▶ **Data for the task**:
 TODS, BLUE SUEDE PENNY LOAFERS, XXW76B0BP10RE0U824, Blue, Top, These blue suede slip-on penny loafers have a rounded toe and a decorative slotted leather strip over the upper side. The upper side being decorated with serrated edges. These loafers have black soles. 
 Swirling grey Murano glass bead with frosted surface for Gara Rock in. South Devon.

--

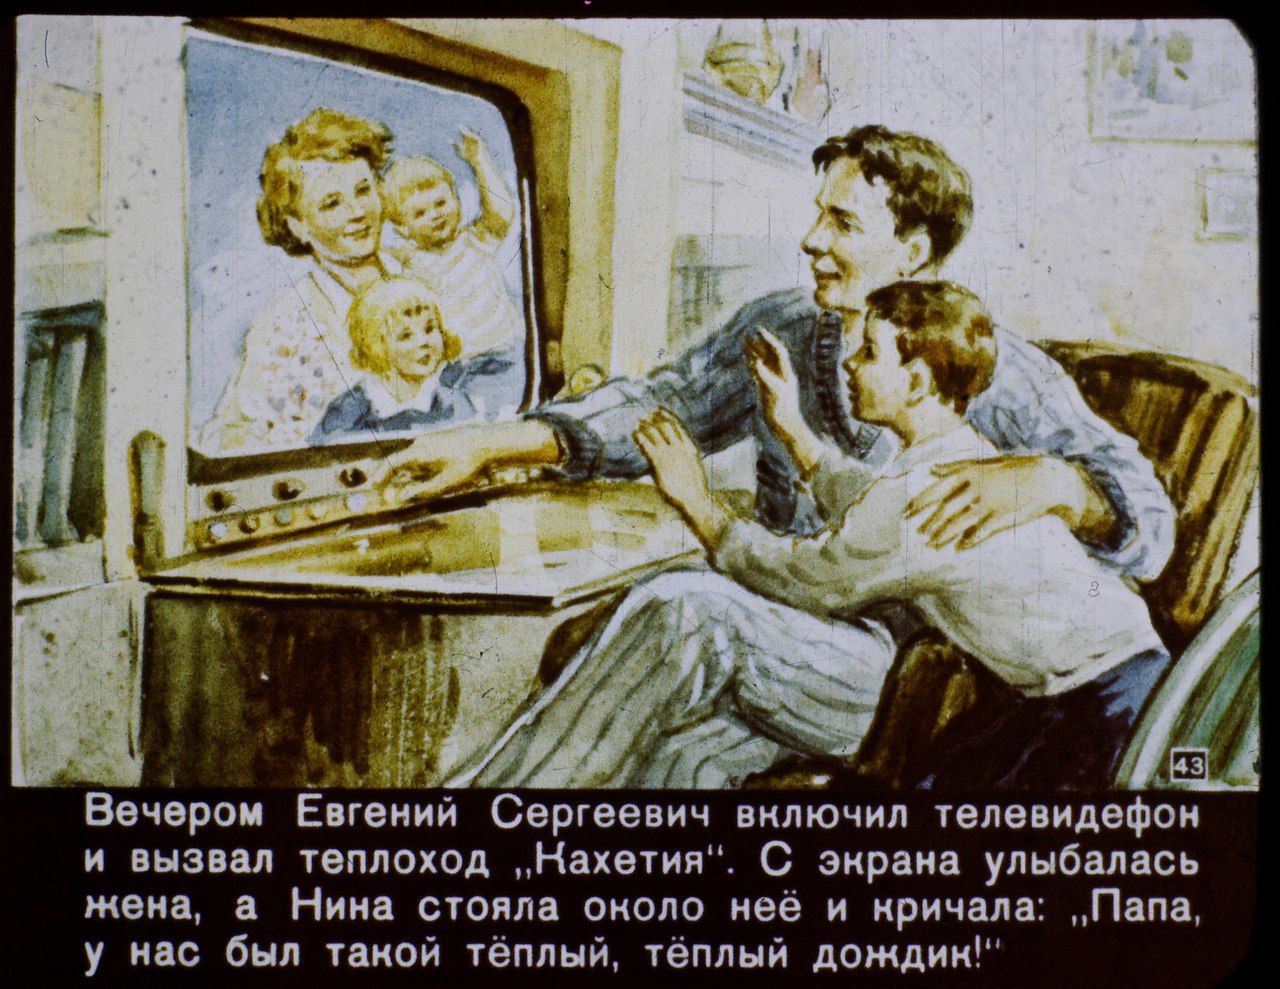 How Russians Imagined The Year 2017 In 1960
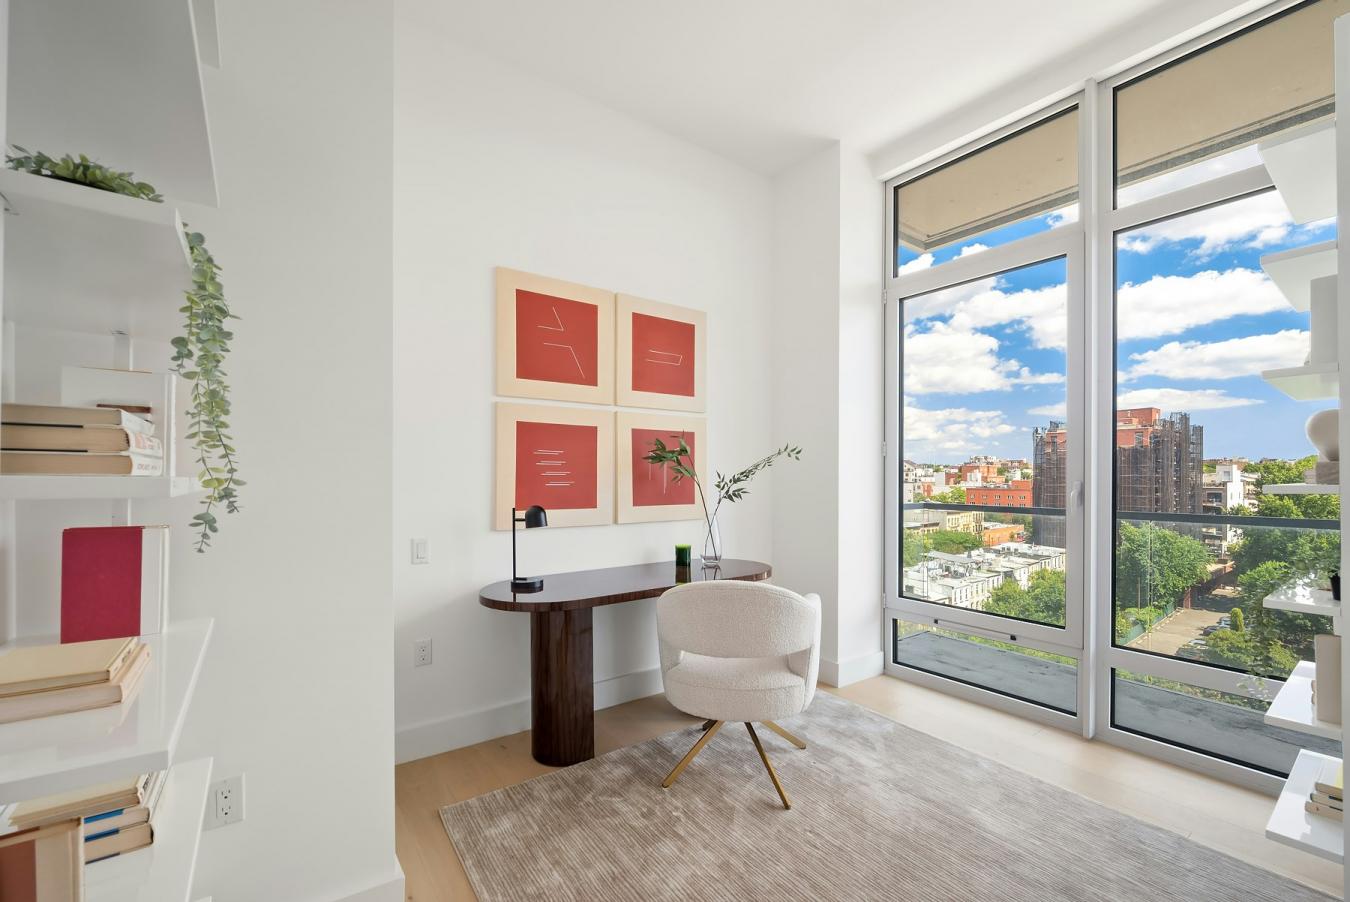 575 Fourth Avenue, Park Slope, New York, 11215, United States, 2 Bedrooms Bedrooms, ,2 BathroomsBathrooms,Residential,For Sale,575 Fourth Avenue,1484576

▶ **Exercise requirements**: In the data above, the stretch from the line with "How Russians Imagined The Year 2017 In 1960" through the line with "575 Fourth Avenue, Park" is to be returned exactly, minus any pictures.

▶ **Result for this task**:
 How Russians Imagined The Year 2017 In 1960
 575 Fourth Avenue, Park Slope, New York, 11215, United States, 2 Bedrooms Bedrooms, ,2 BathroomsBathrooms,Residential,For Sale,575 Fourth Avenue,1484576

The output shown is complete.